Am Abend, als die beiden Männer ihren jeweiligen Kindern die Gutenachtgeschichten vorlasen, saßen Vera und Stefanie noch ein Weilchen draußen auf der Terrasse und hatten sich Decken um die Schultern gelegt gegen die aufziehende Kühle und die Mücken. Stefanie bot noch einen basischen Abendtee aus Beifuß, Ehrenpreis, Erdbeerblättern, Fenchel, Himbeerblättern, Kornblumenblüten, Orangenblüten, Spitzwegerich, Süßholz, Löffelkraut, Odermennig, Wegwarte, Zimt und Lindenblüten an, denn das unterstütze die Ausleitungsorgane während der Nacht. Aber Vera erklärte, ihre Ausleitungsorgane seien auch so sehr intakt, danke sehr. Sie hätte lieber von dem Rotwein gehabt, den Richard noch in Aussicht gestellt hatte, bevor er mit Scott nach drinnen verschwunden war, einen Merlot von einem Weingut, das einem Hollywood-Regisseur gehörte, wie Richard betont hatte, als ob dadurch besonders dramatische Genüsse zu erwarten wären. Aber Richard blieb verschollen, war womöglich beim Vorlesen mit eingeschlafen. Ein Wunder wäre es nicht, sagte Stefanie, es sei sogar eher die Regel. »Den ganzen Tag Volldampf und laut und Action und dann abends einfach ausgeknipst und weg, wie so ein Kind«, sagte sie, und es blieb offen, ob sie das eher beneidenswert oder pathologisch fand oder beides auf einmal. Sie jedenfalls liege dann oft bis in die Morgenstunden wach und versuche mit Atemübungen in den Schlaf zu finden, aber Richards Schnarchen, vor allem die eruptive Unregelmäßigkeit von Richards Schnarchen, verhindere dann, dass sie den erforderlichen Rhythmus finde.

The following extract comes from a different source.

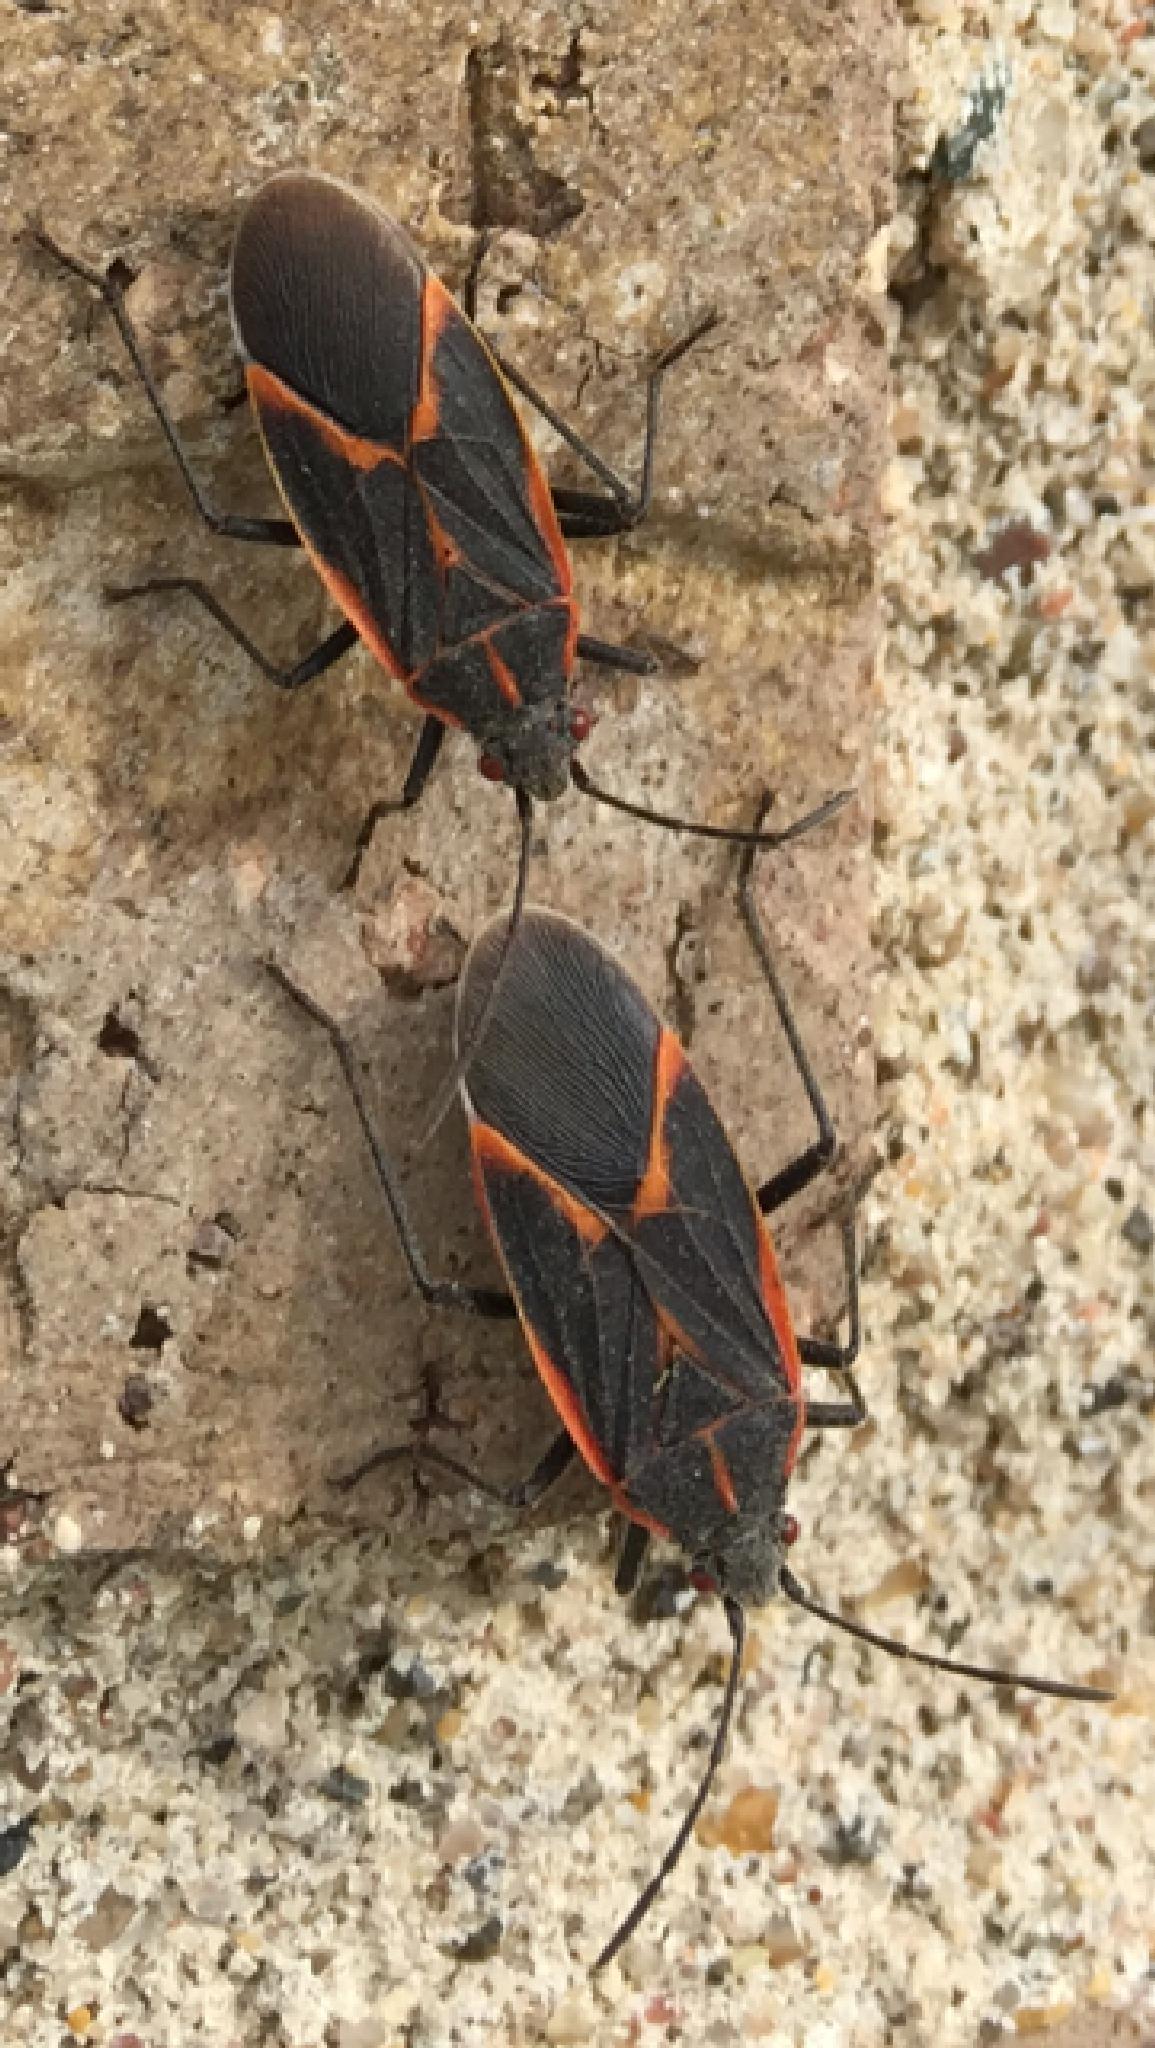 Box Elder Bugs by shaunarwhitaker

Da Stefanie, während sie all das erzählte, keine Anstalten machte, den Wein zu holen, trank Vera Wasser. Dann steckte sie sich eine Zigarette an.
»Du als Ärztin«, sagte Stefanie.
»Ja, leider. Du musst es Alec nicht sagen.« Sie nahm einen tiefen Zug und ließ den Rauch aus den Nasenlöchern wieder austreten. »Wir wollten aufhören, wenn wir in Amerika sind. Er hat das irgendwie geschafft. Ich noch nicht.«
»Es ist aber ganz einfach. Ich habe das auch geschafft«, erklärte Stefanie. Jeder könne das schaffen. Der Ratgeber werde ihr helfen.
»Wer?«
Der Ratgeber, sagte Stefanie feierlich und so, als ob das alles keiner weiteren Erklärung bedürfte. Sie sagte es allerdings auf Englisch: »The Counselor.« Sie strahlte Vera zuversichtlich an.
»Der Kaunsler?«, sagte Vera, und das war zwar im ersten Moment nur ein Unfall, eine Spur zu viel Deutsch hatte sich in ihre Aussprache gemischt. Aber dabei sollte es auch in Zukunft bleiben, wenn von dem Mann die Rede war. Denn es war oft von ihm die Rede. Stefanie nickte feierlich. Der Kaunsler werde Vera auch helfen, ihren Schmerzkörper hinter sich zu lassen.
Vera schlug sich mit der Hand in den Nacken, wo eine Mücke allerdings ihr Werk schon getan hatte.
Stefanie verzog das Gesicht, als ob sie selbst den Schlag abbekommen hätte. Vera betrachtete den Blutfleck in ihrer Handfläche und bemerkte die Panik im Blick von Stefanie, dass sie die Hand als Nächstes am Stuhl, an der Tischdecke oder ihrer eigenen Jeans abwischen könnte. In der rechten Hand hatte sie eine Zigarette, an der linken Blut; beides war jetzt ein verblüffend großes Problem. Wohin damit? »Ich geh die Zigarette kurz irgendwo ausdrücken«, erklärte Vera, »dann können wir die vielleicht in die Mülltonne tun, oder? Wenn ich die auf die Straße werfe, verrottet die da ja nicht, richtig?«
»Das ist richtig«, sagte Stefanie.
»Und ich muss mir die Hände waschen und dann auch mal nach Alec und der Kleinen sehen. Ich glaube, ich …«
»Gute Nacht, liebe Vera«, sagte Stefanie und schob ihr die Untertasse ihres Teeglases als Aschenbecher hin. »Geh du nur. Alles ist gut.«
Vera summte der Kopf, während sie über die Wiese langsam nach unten schritt, wo am Grundstücksrand die Hütte für die Gäste stand.